In fact, the --unrestricted example is now given on the info page.

(BTW: In emacs info, most automatically generated entries want to
load a nonexistent grub info file instead of the valid grub2 info file,
so I guess something wrong with the info DIR generation yet? But this is
almost not worth to open a new bug...).

Anyway:

(In reply to comment #3)
> Can you provide a way to identify whether a user is actually affected by
> this change?

Probably most reliable is something like
grep -q superusers /boot/grub2/grub.cfg /etc/grub.d/* && ewarn ...
Comment 5 Mike Gilbert gentoo-dev 2012-05-14 16:46:37 UTC
(In reply to comment #4)
> (BTW: In emacs info, most automatically generated entries want to
> load a nonexistent grub info file instead of the valid grub2 info file,
> so I guess something wrong with the info DIR generation yet? But this is
> almost not worth to open a new bug...).
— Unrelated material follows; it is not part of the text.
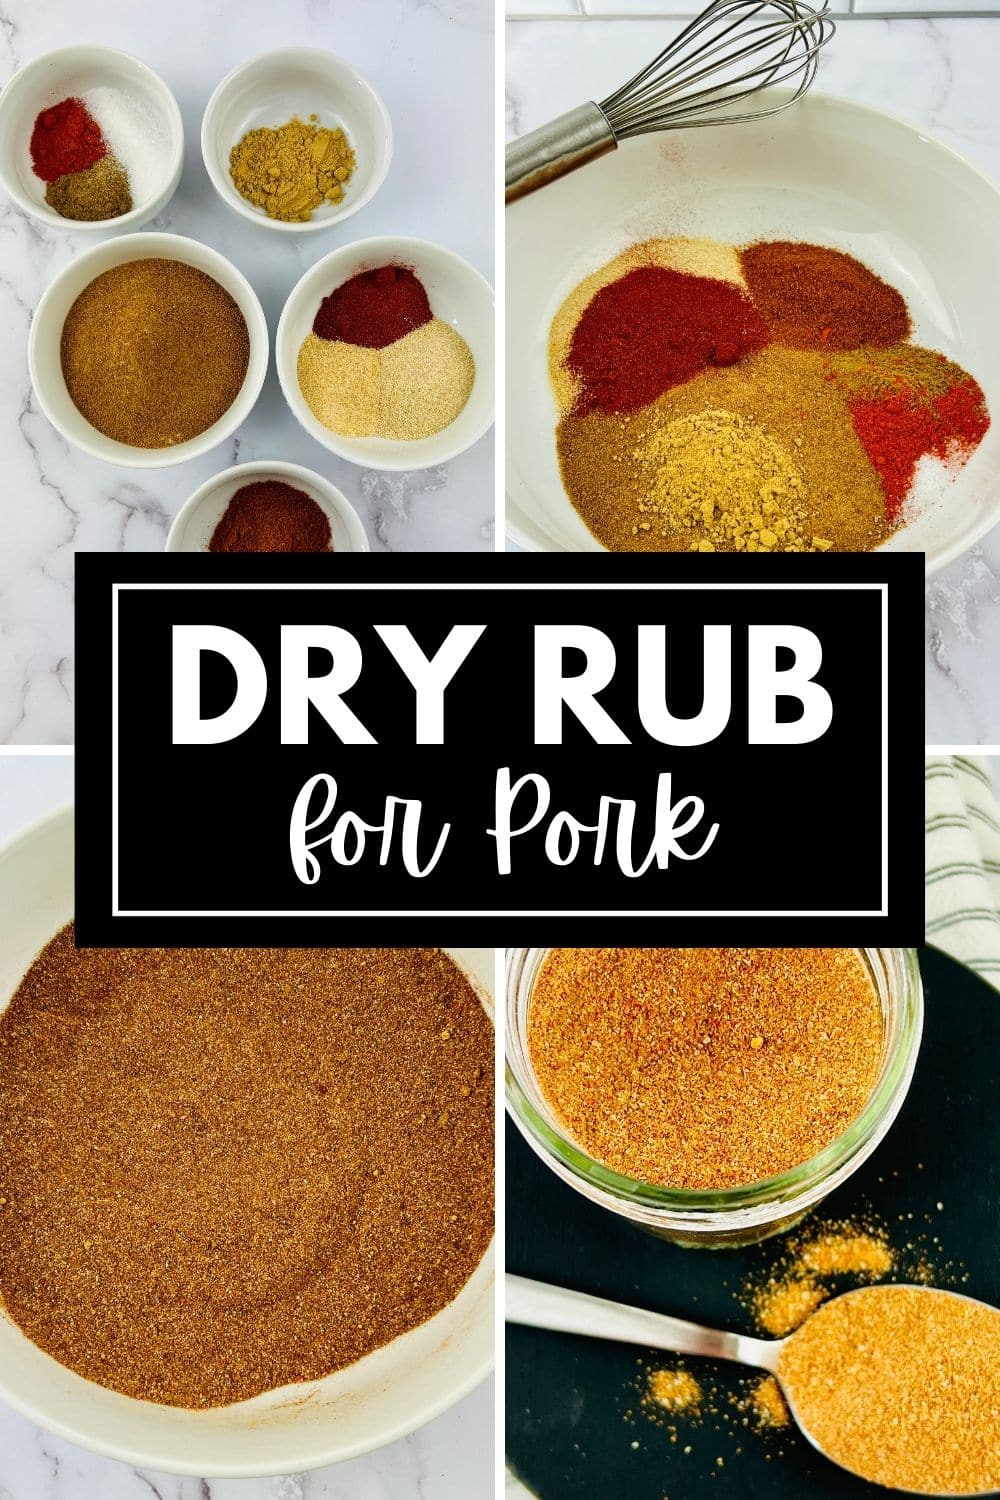 Enhance the flavor of your pork with this delectable dry rub.
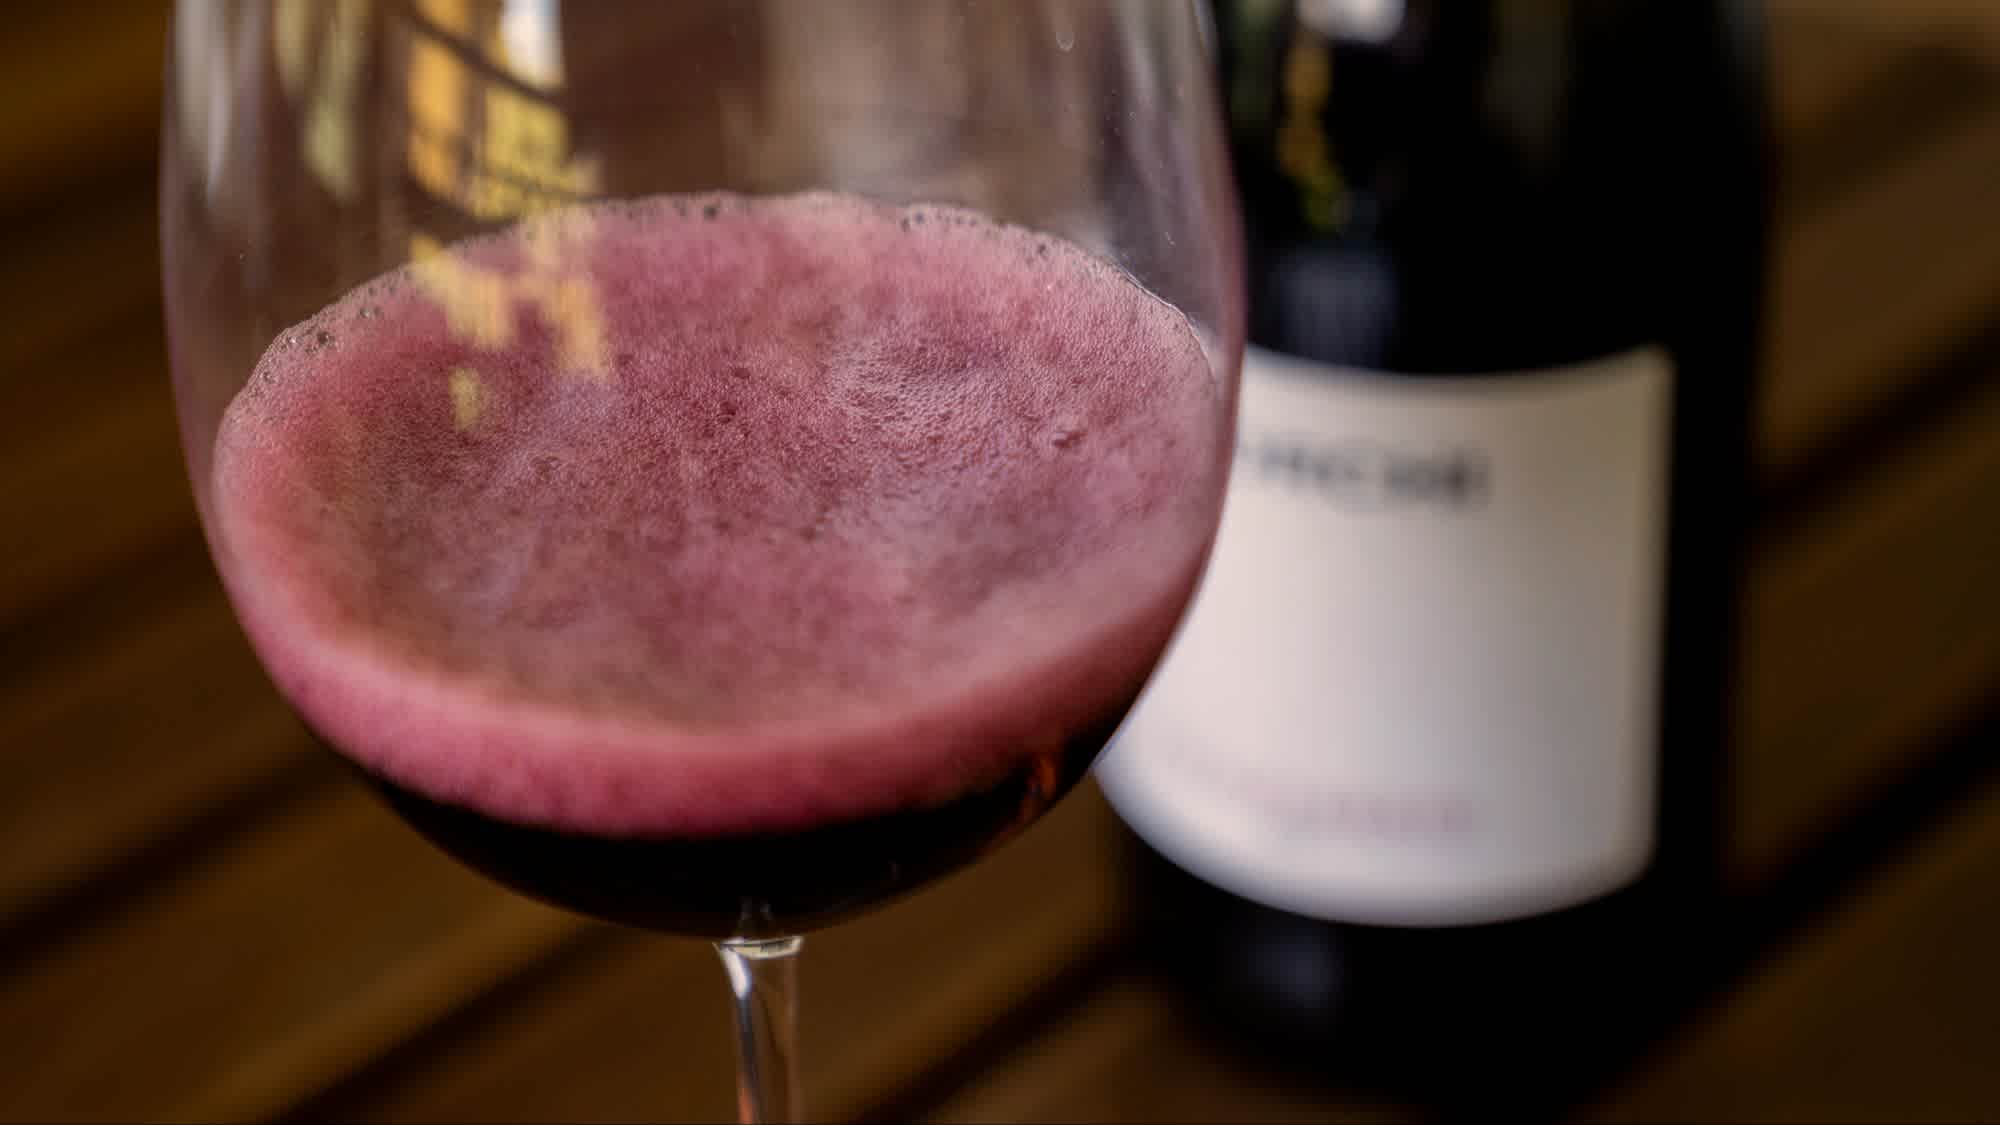 Sparkling red wine – it’s your ‘cooler, more fun friend’

I don't use emacs, so I have no way to test this. Can the issue be reproduced using the normal info command?

There is a sed call in grub-1.99-r2.ebuild that looks like it may have resolved this; however, I think this broke the install target in the build system so I removed it.

Please file a separate bug and preferably provide a patch if you would like this to be fixed.